Je contemple à intervalles réguliers les portraits d’enfance de Barthes. Et j’ignore d’où vient cette curiosité plus générale (mais peut-être est-elle parfaitement naturelle et partagée par tous) : celle qui consiste à quémander à mes (plus ou moins) proches des photos d’enfance… Je n’ose pas toujours. Il n’empêche : quand j’aime ou admire quelqu’un me vient immanquablement le besoin de découvrir l’enfant derrière le visage familier.
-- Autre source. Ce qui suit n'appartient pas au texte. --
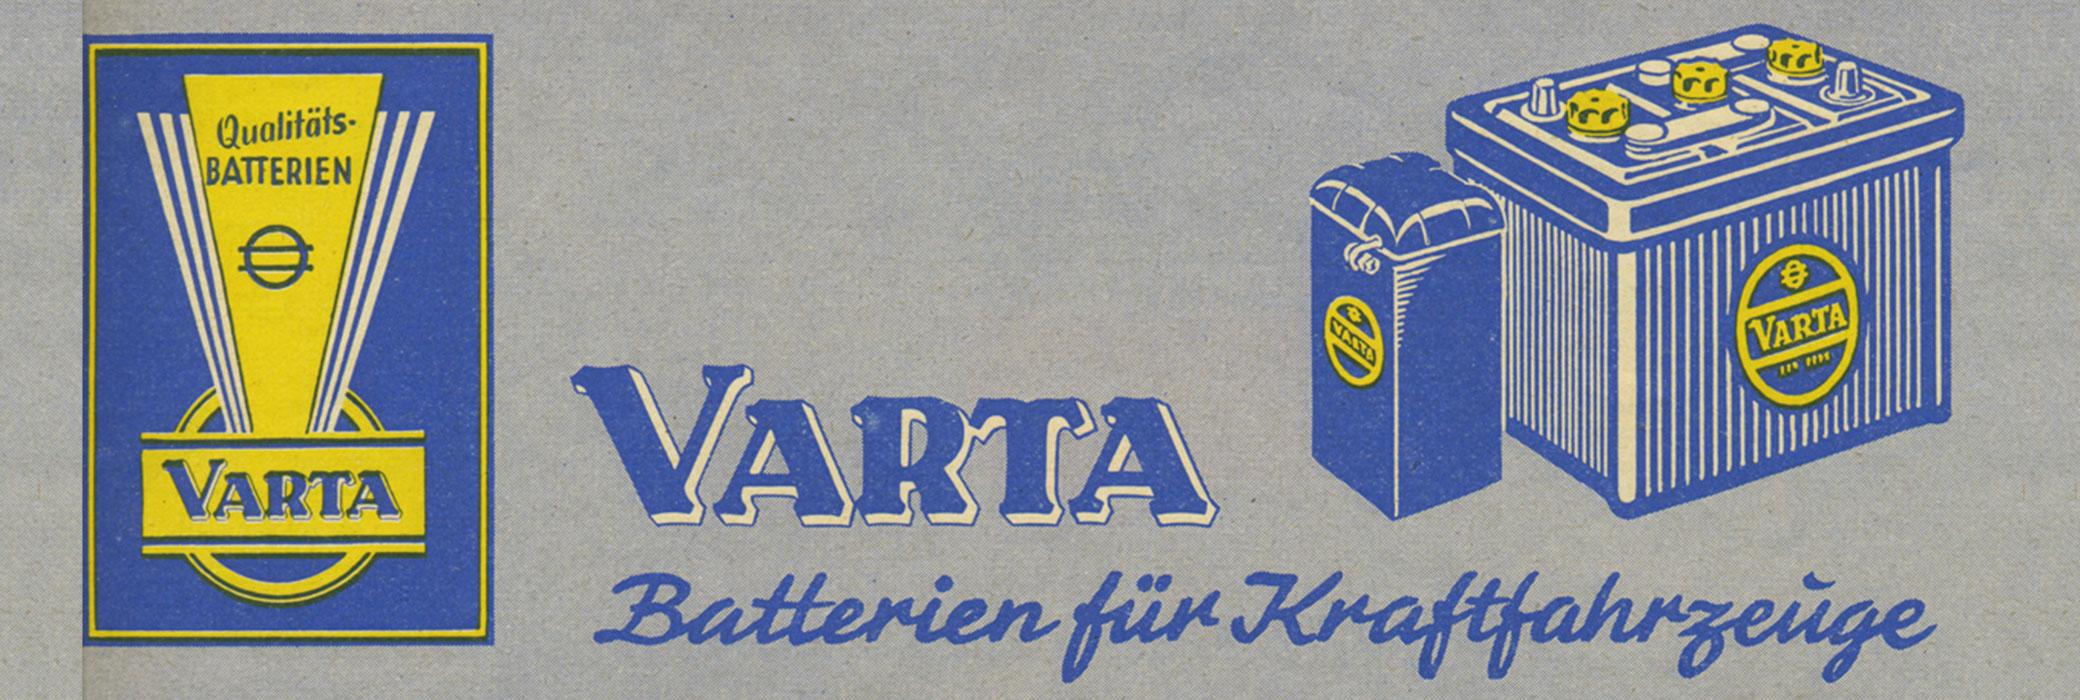 En gammel VARTA® reklame i gult og blåt

Il ne s’agit pas tant de démasquer l’adulte. Et puis, cette relative nudité ne me semble pas si indécente à demander ; après tout, une photographie d’enfance s’affiche, s’encadre, se donne au regard, presque par définition, même si elle garde une charge relativement indiscrète comme le notait Barthes. Dans son cas à elle, ce fut l’inverse : découvrant tout d’abord ses traits d’enfant sur les photos de son père, je n’ai contemplé le visage de la femme que conséquemment. Et j’ai cherché, durant les premières minutes, à retrouver la petite fille en filigrane. Je me suis alors dit que ce devait être curieux pour elle d’accueillir un étranger qui connaît une part de l’enfant qu’elle a été. Elle, c’est Nicole. Fille d’André Steiner et de Lily Sasson…
– Arnaud Catherine, Ce qu’on n’a pas fini d’aimer, 2011, photographies d’André Steiner, texte additionnel de François Cheval.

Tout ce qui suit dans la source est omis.